Could the quest to redevelop a paid parking lot in the middle of Virginia-Highland’s retail strip finally be coming to fruition after a decade and a half?
According to updated marketing materials, the answer is yes.
Commercial real estate brokerage Colliers lists a mixed-use project at 841 North Highland Avenue as being under construction on a paved, .9-acre corner lot where redevelopment ideas have sputtered in the past.
The project is now set to deliver in the first quarter of 2024, per Colliers officials.
The mixed-use concept would rise two and three stories one lot south of CVS Pharmacy, on the North Highland Avenue retail strip that includes Dark Horse Tavern and Neighbor’s Pub, according to marketers. It would replace a parking lot that’s long been a canker sore, relatively speaking, on the neighborhood’s otherwise charming corridor of shops, salons, bars, and eateries in old buildings.

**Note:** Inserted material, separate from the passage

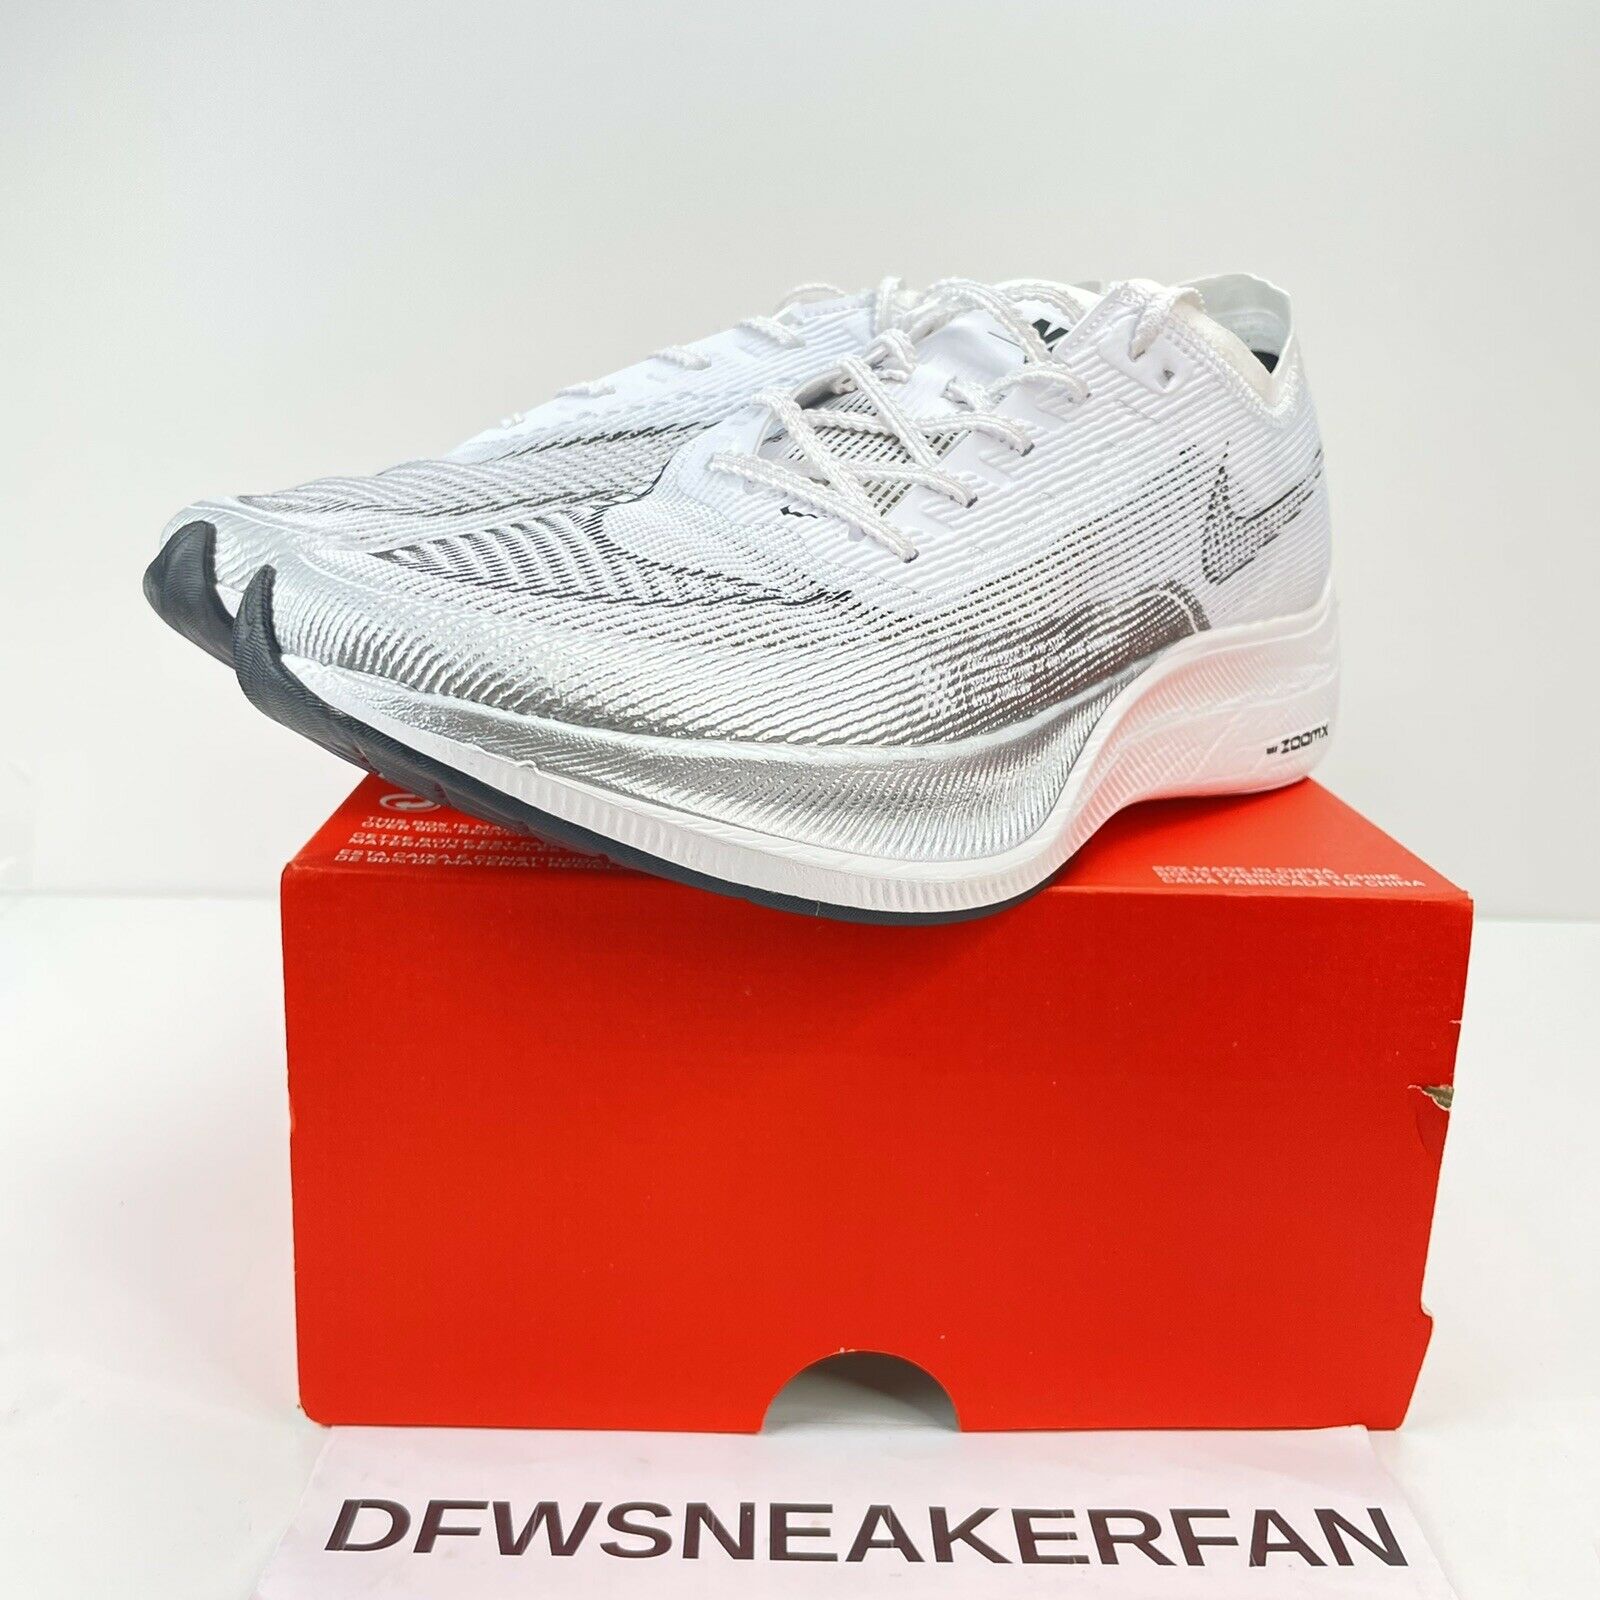 Nike ZoomX Vaporfly Next% 2 CU4111-100 Men’s 9 White Silver Shoes New

Renderings indicate the building will be called The Highland. We’re reached out to a project rep for information on a construction timeline and other details, and we’ll update this story should that come.
Way back in 2006, a different mixed-use proposal coined “The Mix” was also floated for the site. That blend of condos and retail had also gained building permits from the city by early 2008, just as the financial crisis was bearing down on Atlanta. It never took off.
Now, plans call for 7,300 square feet of retail at street level (with floor-to-ceiling windows and floorplans as small as 3,650 square feet) topped with an unspecified number of residences, according to Colliers.
Building permit paperwork indicates the homes would be for-sale condominiums.
A parking deck with 48 spaces would serve the commercial component, alongside five street-parking spaces. A separate deck would be built for the residential section.
An application for land development permits was issued in April last year, according to city records. Permitting records indicate parking garage structures would be built first.
With stiff competition for retail tenants from the likes of Ponce City Market, Va-Hi’s strip has struggled at times in recent years to maintain a full roster of occupied storefronts. Per marketing materials, the 841 North Highland building’s ideal tenants would be in medical, tech, creative, or professional services fields—all potential customers for current businesses, that is.